WJCW (910 AM) is a commercial radio station, licensed to Johnson City, Tennessee and serving the Tri-Cities radio market (Johnson City-Bristol-Kingsport).  It is owned by Cumulus Media and airs a talk radio format.

WJCW's transmitter, offices and studios are on Free Hill Road in Gray, Tennessee.  The complex also houses the studios for Cumulus' other Tri-Cities radio stations.  WJCW broadcasts with a 5,000 watt non-directional signal in the daytime.  But at night, to protect other stations on AM 910, the station reduces power to 1,000 watts and uses a directional antenna.  The station is East Tennessee's AM primary entry point station for the Emergency Alert System, with WJXB-FM in Knoxville performing the PEP function on FM in east Tennessee.

History
On December 13, 1938, the station first signed on as WJHL-AM, jointly owned by Hanes Lancaster, Sr. and J. W. Birdwell, both from Chattanooga.  It was the second radio station in the Tri-Cities and the first in Johnson City.  It began broadcasting at only 250 watts.  During 1940, Birdwell was no longer a partner in the new station. 

The station's original frequency was 1200khz. In December of 1940, WJHL moved to 880khz at 1000 watts, with a directional three-tower pattern at night.  Then a short time later in 1941, the station was required to move to 910khz due to the adoption of the new international radio treaty.

In 1942, WJHL got a power boost to its current 5,000 watts by day, 1,000 watts at night, and became an affiliate of the NBC Blue Network, later ABC.  By 1956, WJHL joined CBS, an affiliation that lasted five decades.  Under  Hanes Lancaster, Sr and son Hanes Jr., WJHL added 100.7 WJHL-FM in 1948 (now 101.5 WQUT) and in 1953 added WJHL-TV Channel 11.  Because the AM station carried CBS programming, WJHL-TV became a CBS-TV affiliate.

In 1960, the radio stations were sold to Tri-Cities Broadcasting, owned by James C. Wilson (son of the founder of the area's first radio station, WOPI)  Channel 11 kept the WJHL-TV call letters, while AM 910 was renamed WJCW after Wilson's initials and continued to program a MOR, full service format. In the early 1970s, the station switched to a country music format.
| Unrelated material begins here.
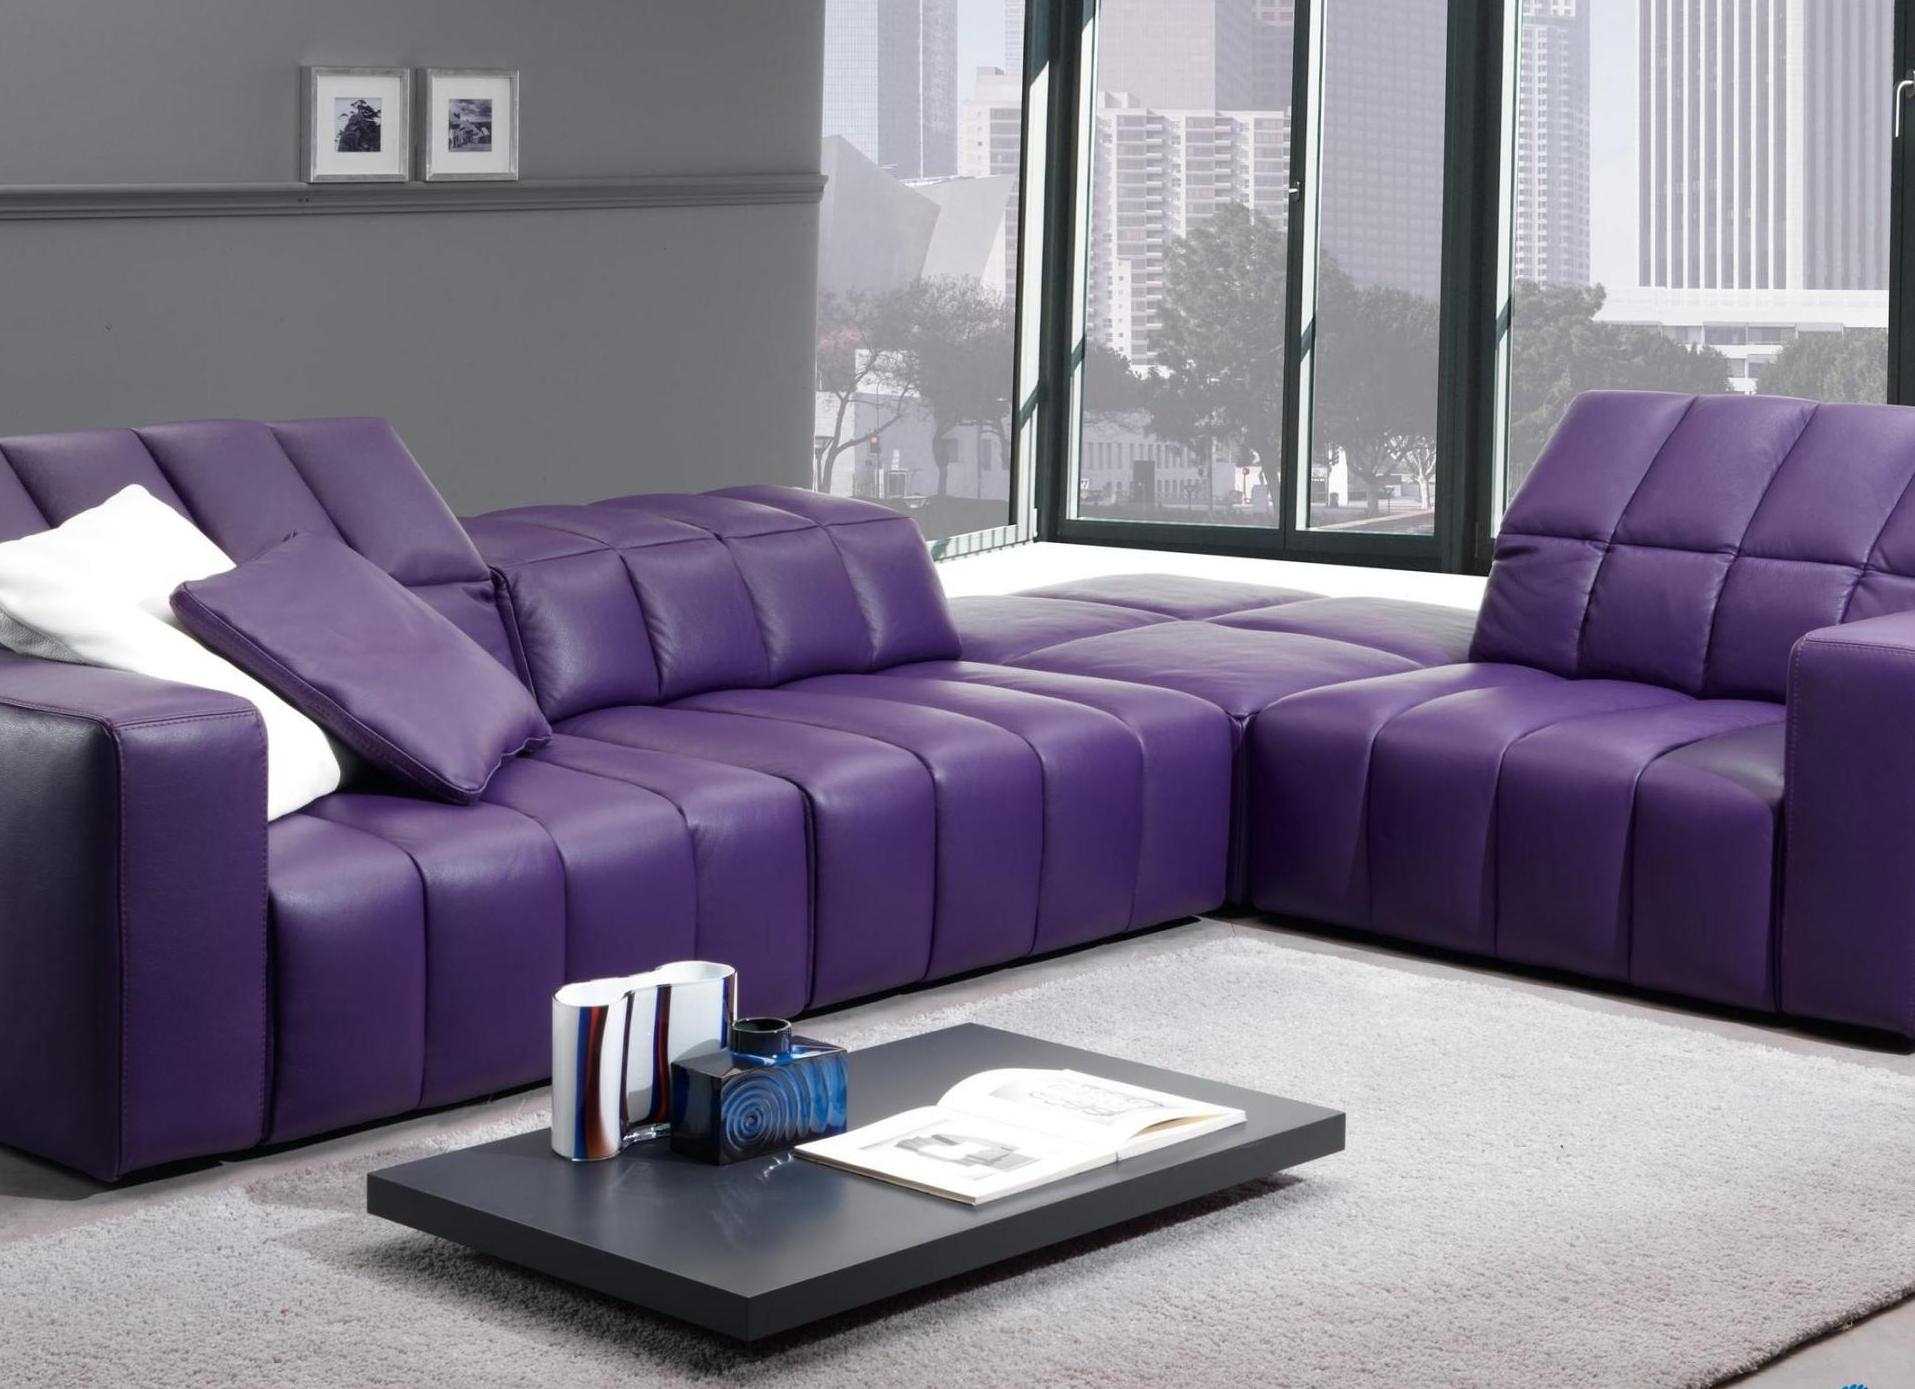 šviesiai violetinė sofa miegamojo dizaine
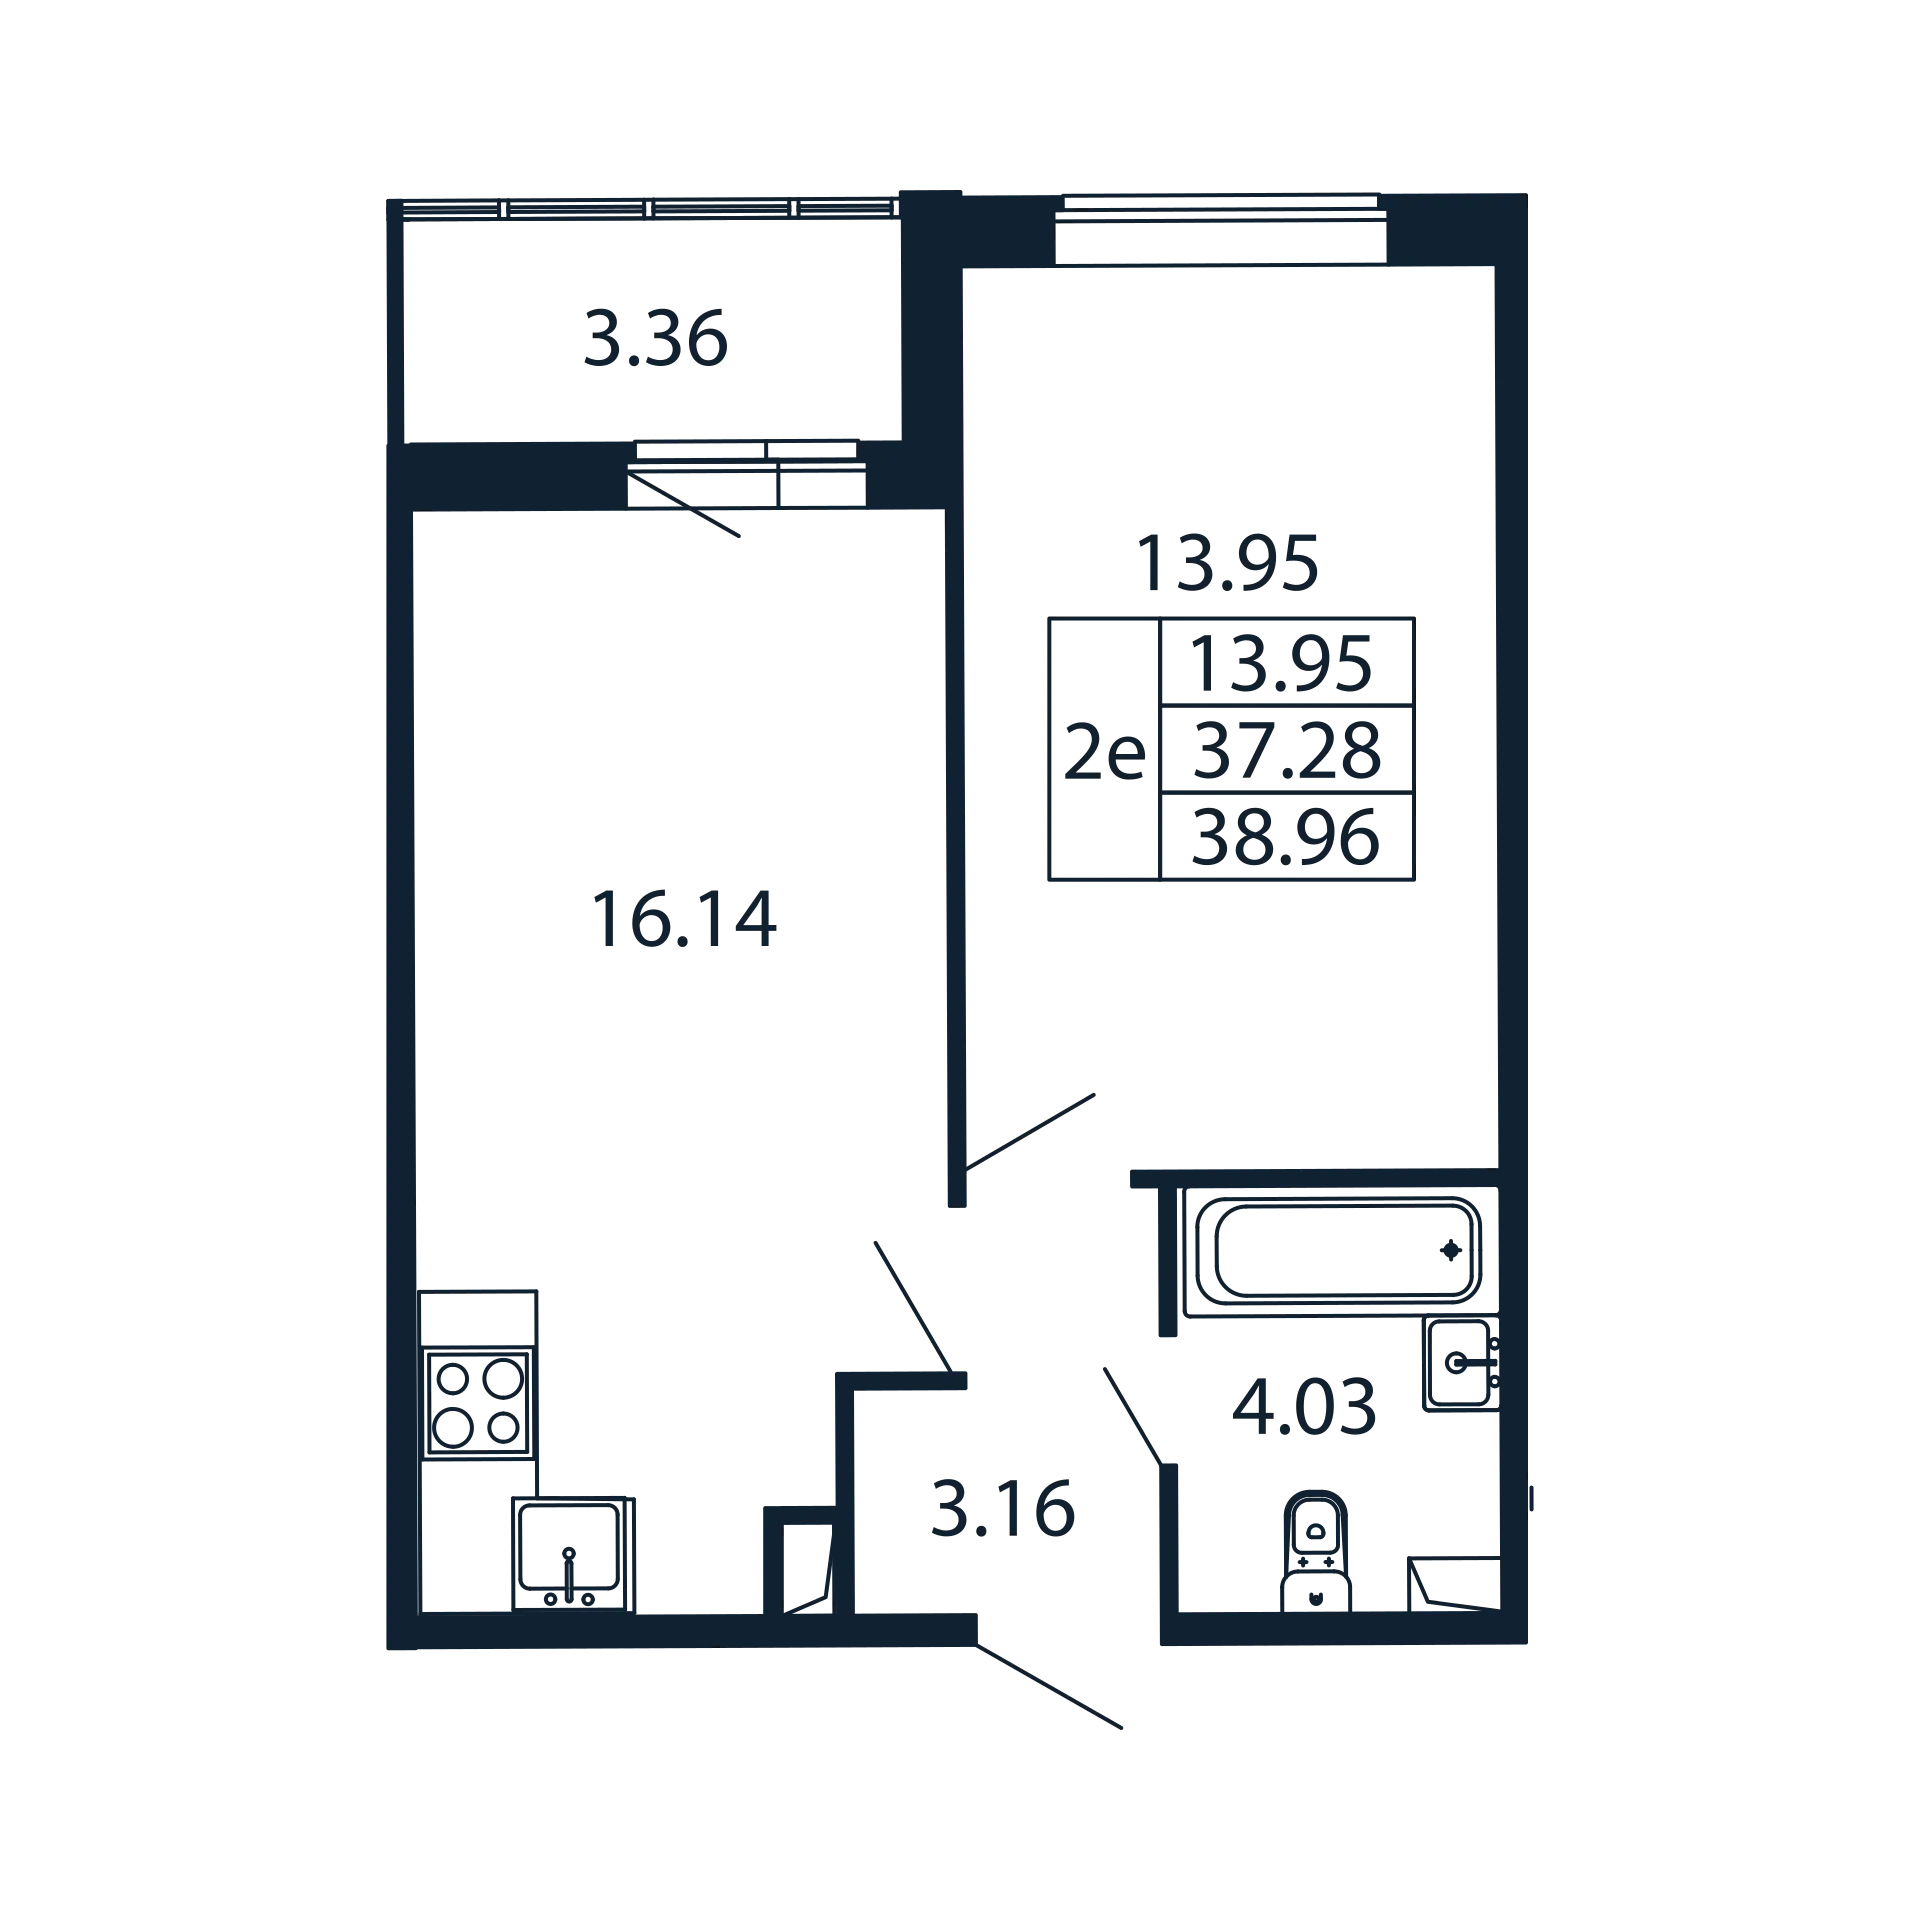 2-комнатная (Евро) квартира, 37.28 м² в ЖК "Полис ЛАВрики" - планировка, фото №1

Notable announcers included:

 Eddie Cowell
 Dr. Herb Howard: Announcer, who went on to be Dean/Professor at the University of Tennessee College of Communication & Information after a stint as staff announcer at WJHL-TV.
 Professor Kingfish (Bill Marrs) and Little Richard (Dick Ellis), weekdays 630-7AM.  During the 60s and 70s the show had a large listenership due to the light-hearted banter between the two.  Due to health challenges, Bill Marrs would do the show from home, while Dick Ellis was at the studios.
 Dick Ellis (Little Richard): Morning Drive, News Director, Sports Director, and sports play-by-play. Dick originally served as news and sports anchor for both WJHL radio and television.  In 1960 when the station was purchased and changed to WJCW, he chose to stay with radio.  In 1973, Dick (Richard F. Ellis) became the General Manager of WETS-FM, the public/NPR station owned by East Tennessee State University.  Dick retired from WETS in 1991. In 1993, a few weeks before his death, the new WETS studios were dedicated in his honor.
 Charlie B (Philip Beale): Program Director, Middays, and Afternoon Drive
 Bill Cramer: Nighttime announcer. In the 60s and 70s, WJCW's music would shift from MOR to Rock at 7PM.  After WJCW changed to a country format, Cramer was also a well-known talent on sister-station WQUT
 Larry Hinkle
 Dave Hogan: Morning Drive
 Bill Williams
 Yankee Dave: Middays
 Tom Phillips: Afternoon Drive
 Art Countiss: News Director
 Red Pitcher: News/Sports Director

Jim Wilson/Tri-Cities Broadcasting sold WJCW and WQUT to Bloomington Broadcasting in 1981.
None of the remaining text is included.